Dealers say foreign regulators have effectively cribbed the Fed’s guidelines for their own supervisory standards, extending SR 11-7’s reach far beyond US shores. For instance, the principles set out in the Bank of England’s recently issued letter to British banks and building societies on model governance represent “a concise and mature representation of the SR 11-7 text”, according to the head of model risk at one international bank.
The themes addressed by the European Central Bank’s Targeted Review of Internal Models (Trim) programme are also “very similar” to SR 11-7, says Konstantina Armata, head of global model validation and governance at Deutsche Bank in London.
“These are big exercises; we are talking about weeks and weeks of examinations and hundreds of requests. It’s a big process for us,” she says.
SR 11-7 sets out compliance requirements across four broad categories of model risk management: development and implementation, use, validation, and governance. To manage these simultaneously, most banks have consolidated their model risk management functions under one roof.

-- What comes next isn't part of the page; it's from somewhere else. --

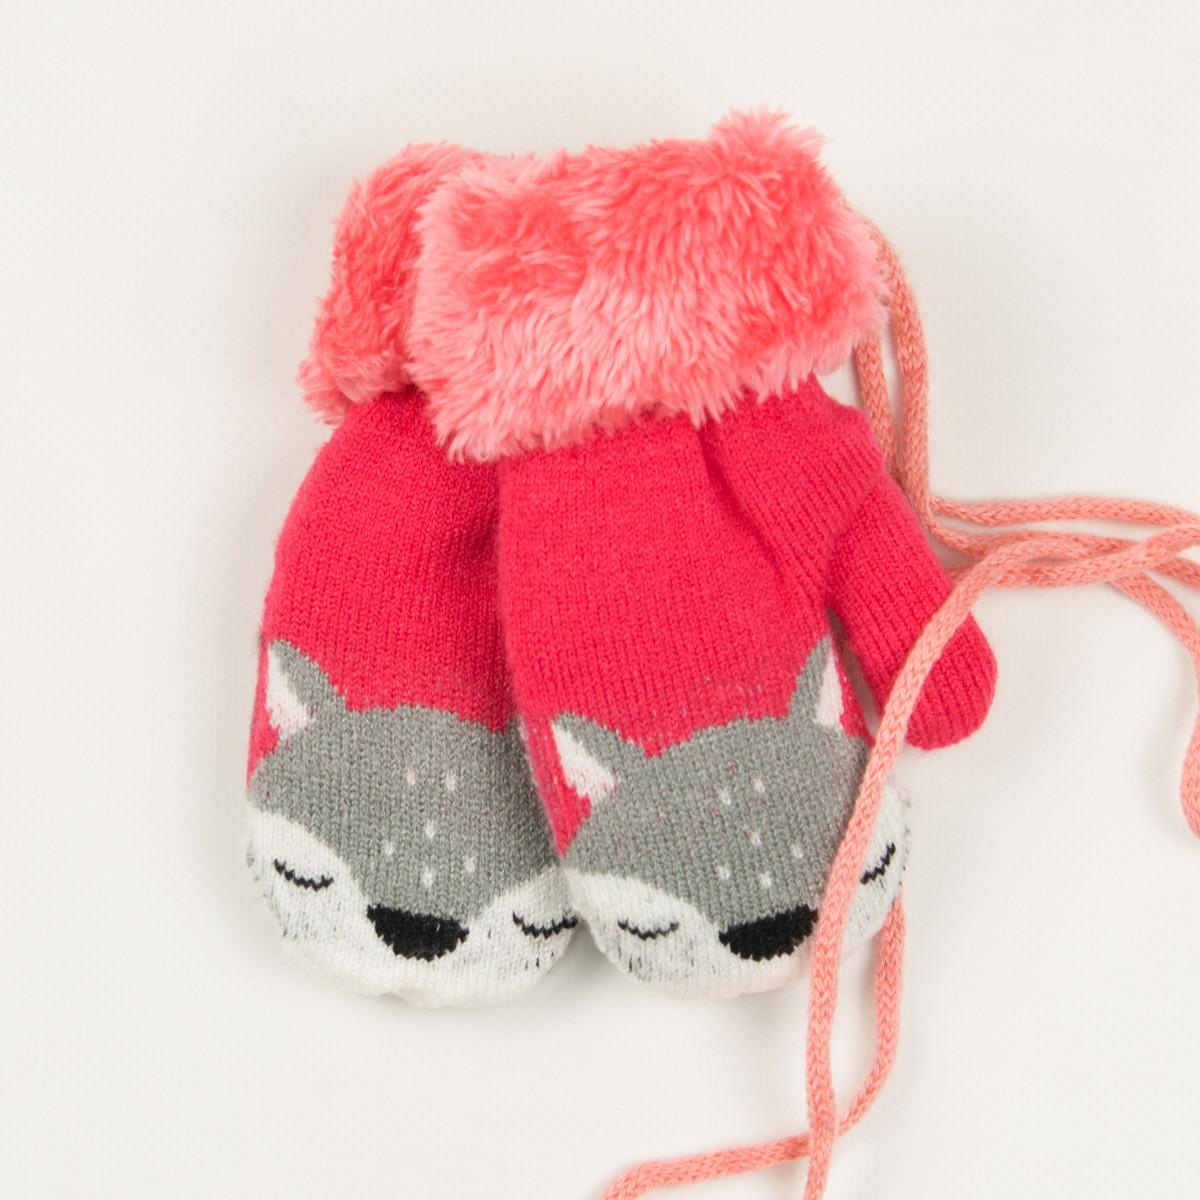 Детские теплые варежки с меховой подкладкой на 2-3 года - 19-7-59 - Коралловый
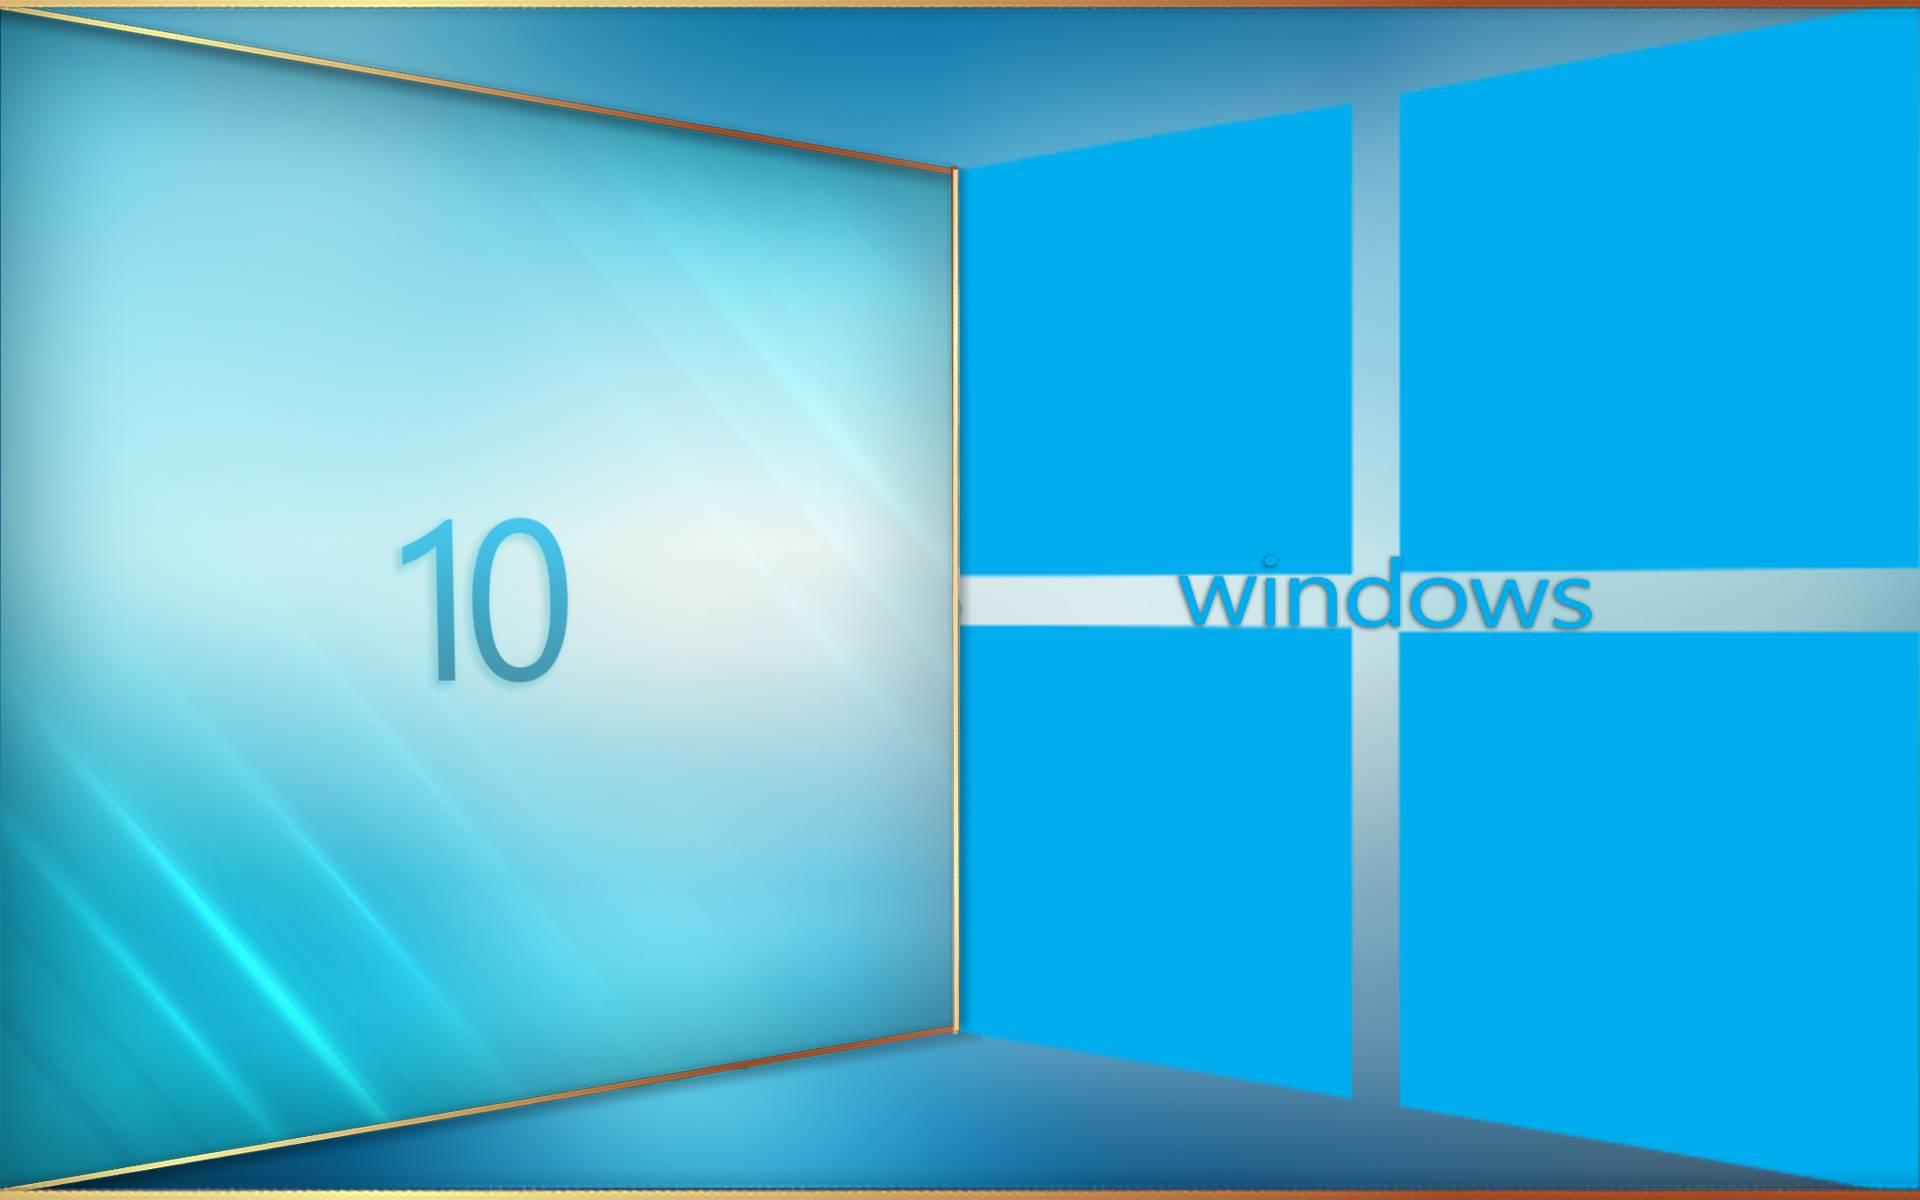 обои windows 10, wallpaper, обои картинки фото

Other models we are leaving to one side, such as our economic capital models, as we really need to focus on where there is most outside pressure from regulatorsHead of model validation at a regional European bank
This organisational overhaul was only the first step on the journey to compliance, however. Dealers may have made progress building model inventories, assigning model owners and setting up independent validation processes, but there is still much work to be done getting the models themselves up to scratch – and verifying their effectiveness.
“In the case of the biggest challenges for SR 11-7, I would say that model preparedness is number one. Despite the guidance being now six years old, there is still a lot to be done in terms of preparedness: model documentation, internal control testing and documentation of the results, continued monitoring of the impact of model limitations, and so forth,” says Lourenco Miranda, head of model risk management for Americas at Societe Generale.
As for the Trim, the ECB’s expectations appear set to dwarf the capabilities of smaller dealers.
“We have to put in place a series of frameworks that we do not have yet but that regulators clearly expect the banks to put in place,” the head of model validation at a regional European bank says. “With all the requirements and work that has to be done, I don’t do anything outside the scope of internal capital models and valuation models. Other models we are leaving to one side, such as our economic capital models, as we really need to focus on where there is most outside pressure from regulators.”